The present invention uses the loss-on-burn method to produce high-temperature-resistant light-weight heat-insulating castables. The basic principle is to adjust the particle gradation in various refractory castables with mature formulas, and add a certain amount of lost-on-burn (polystyrene balls), By adjusting the amount of lost matter added, the construction performance can be satisfied on the basis of ensuring the fluidity of the original formula castable, and light-weight heat-insulating castables with different bulk densities and heat-insulating properties can be formed. After the castable is poured and molded, the burnt matter will be burnt out in the oven, resulting in porosity. Except for the decrease in volume density, other basic properties of the material remain unchanged.

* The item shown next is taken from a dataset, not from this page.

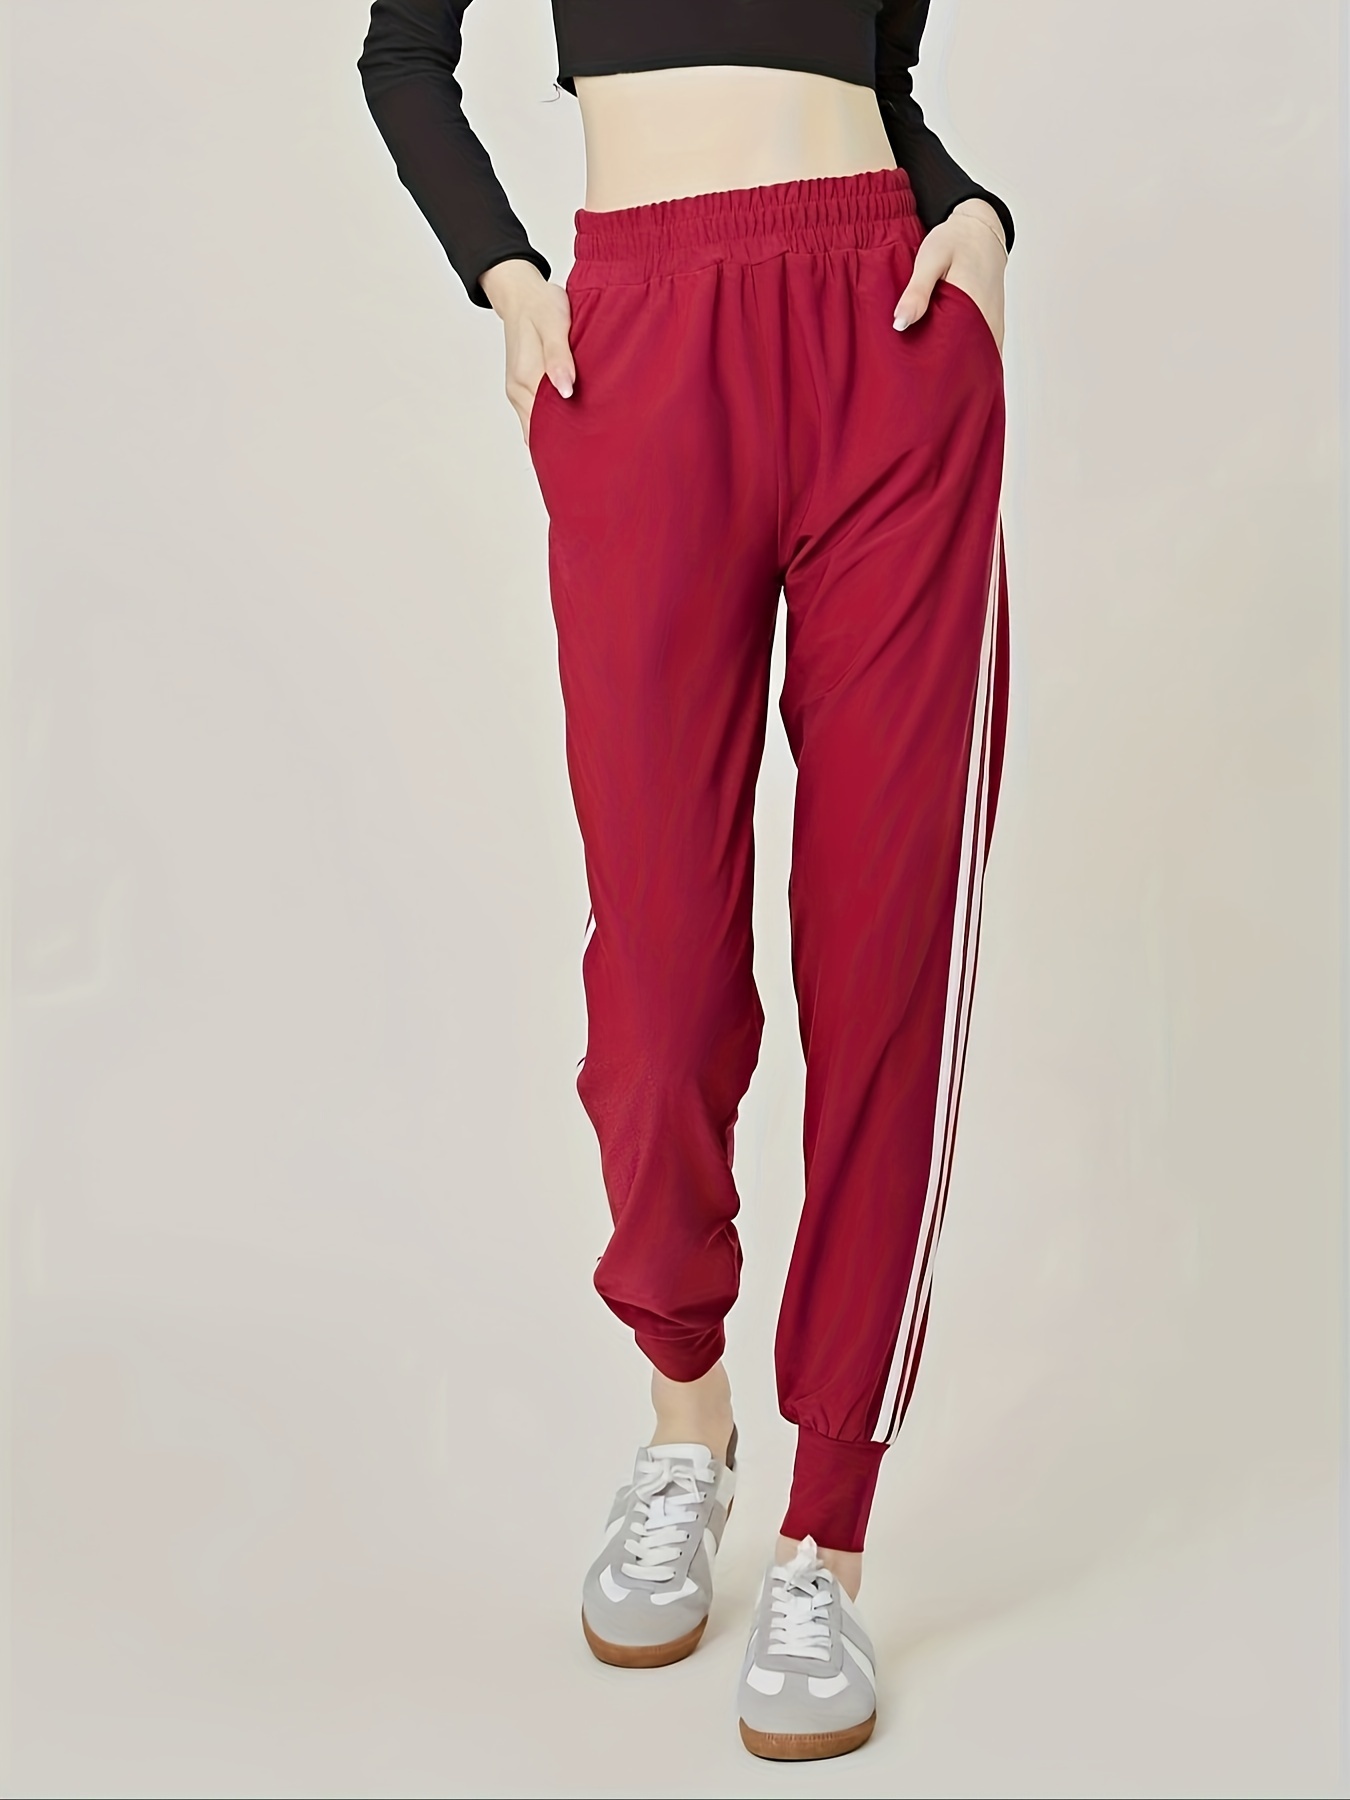 High Waisted Cinch Bottom Sweatpants for Teen Girls and Women, Lightweight  Joggers with Pockets
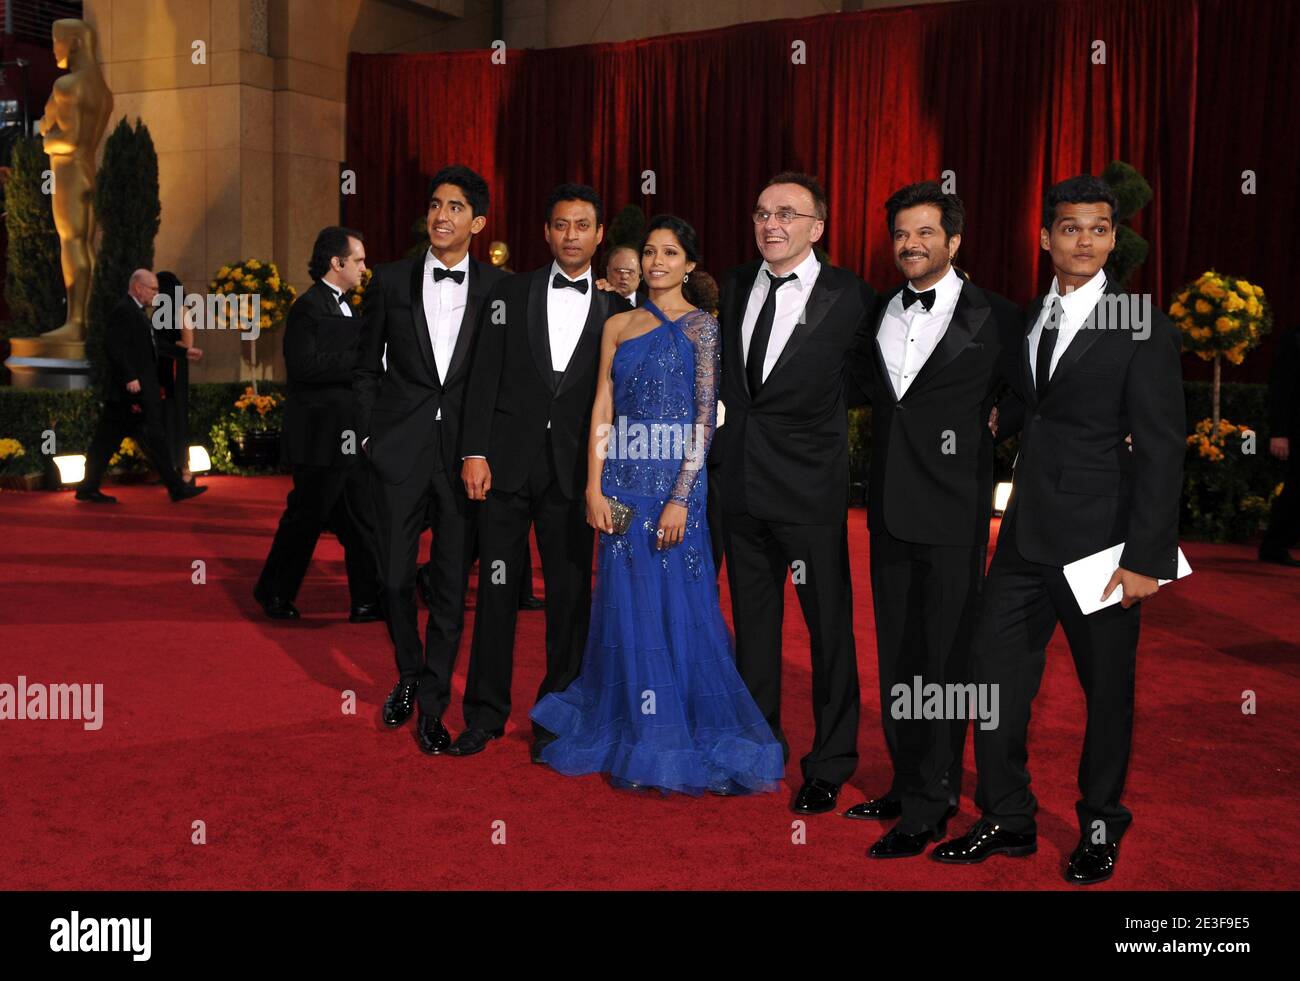 Dev Patel, Irrfan Khan, Freida Pinto, Danny Boyle, Anil Kapoor and Madhur Mittal arriving at the 81st Academy Awards ceremony, held at the Kodak Theater in Los Angeles, CA, USA on February 22, 2009. Photo by Lionel Hahn/ABACAPRESS.COM (Pictured : Dev Patel, Irrfan Khan, Freida Pinto, Danny Boyle, Anil Kapoor, Madhur Mittal) Stock Photo

When the service temperature of the castable is not higher than 1350°C, the main base material can be burnt gemstone and ordinary bauxite clinker; when the use temperature of the castable is higher than 1350°C, the main base material can be special grade bauxite clinker, Mullite or corundum.

Detailed ways

Example 1

Manufacture a furnace lid working lining (ρ=1.3g/cm ³ ) for an aluminum melting furnace of an aluminum product company. The long-term working temperature of the furnace lid fluctuates between 1000~1300°C. The raw materials used and the weight of each raw material are listed in Table 1. As indicated, just mix the ingredients in the table together.

Table 1

Example 2

Manufacture a high-aluminum lightweight heat-insulating castable (ρ=1.5g/cm ³ ) for the cupola front furnace cover of a foundry company. The long-term working temperature of the furnace cover is stable at 1450°C. The raw materials used and the weight of each raw material are As shown in Table 2, the raw materials in the table can be mixed together.

Table 2

Example 3

Manufacture a corundum lightweight heat _- insulating castable (ρ=1.2g/cm ³ ) for an ethylene cracking furnace of a petrochemical company. Its long-term working temperature is stable at 1350°C. The weight of the raw materials is shown in Table 3, just mix the raw materials in the table together.

table 3

Claims (3)

1. the adiabatic mould material of a heat-resistant light, it is characterized in that: base material raw material and weight percent thereof are:

Main substrate particles: mean particle size≤7mm, 53 ~ 60%;

Main base material fine powder: can cross and be not less than 200 purpose screen clothes, 25 ~ 32%;

Ultrafine powder: mean particle size≤10 μ m, 5 ~ 10%;

Aluminate cement: 6 ~ 7%;

The weight sum of above-mentioned base material raw material is as a whole, will add composite water-reducing agent outside above-mentioned base material raw material, and weight is 0.1 ~ 1% of described overall weight; Will add the polystyrene ball outside above-mentioned base material raw material, mean particle size is 1 ~ 0.5mm, and weight is 1 ~ 3% of described overall weight;

Described main base material can be for flint clay, kyanite, bauxitic clay grog, mullite or corundum at least a;

Described ultrafine powder is Reactive alumina or active SILICA FUME.

2. the adiabatic mould material of heat-resistant light according to claim 1 is characterized in that concrete preparation method mixes above-mentioned each raw material to stir.

3. the adiabatic mould material of heat-resistant light according to claim 1 is characterized in that described aluminate cement selects high-alumina cement or aluminous cement.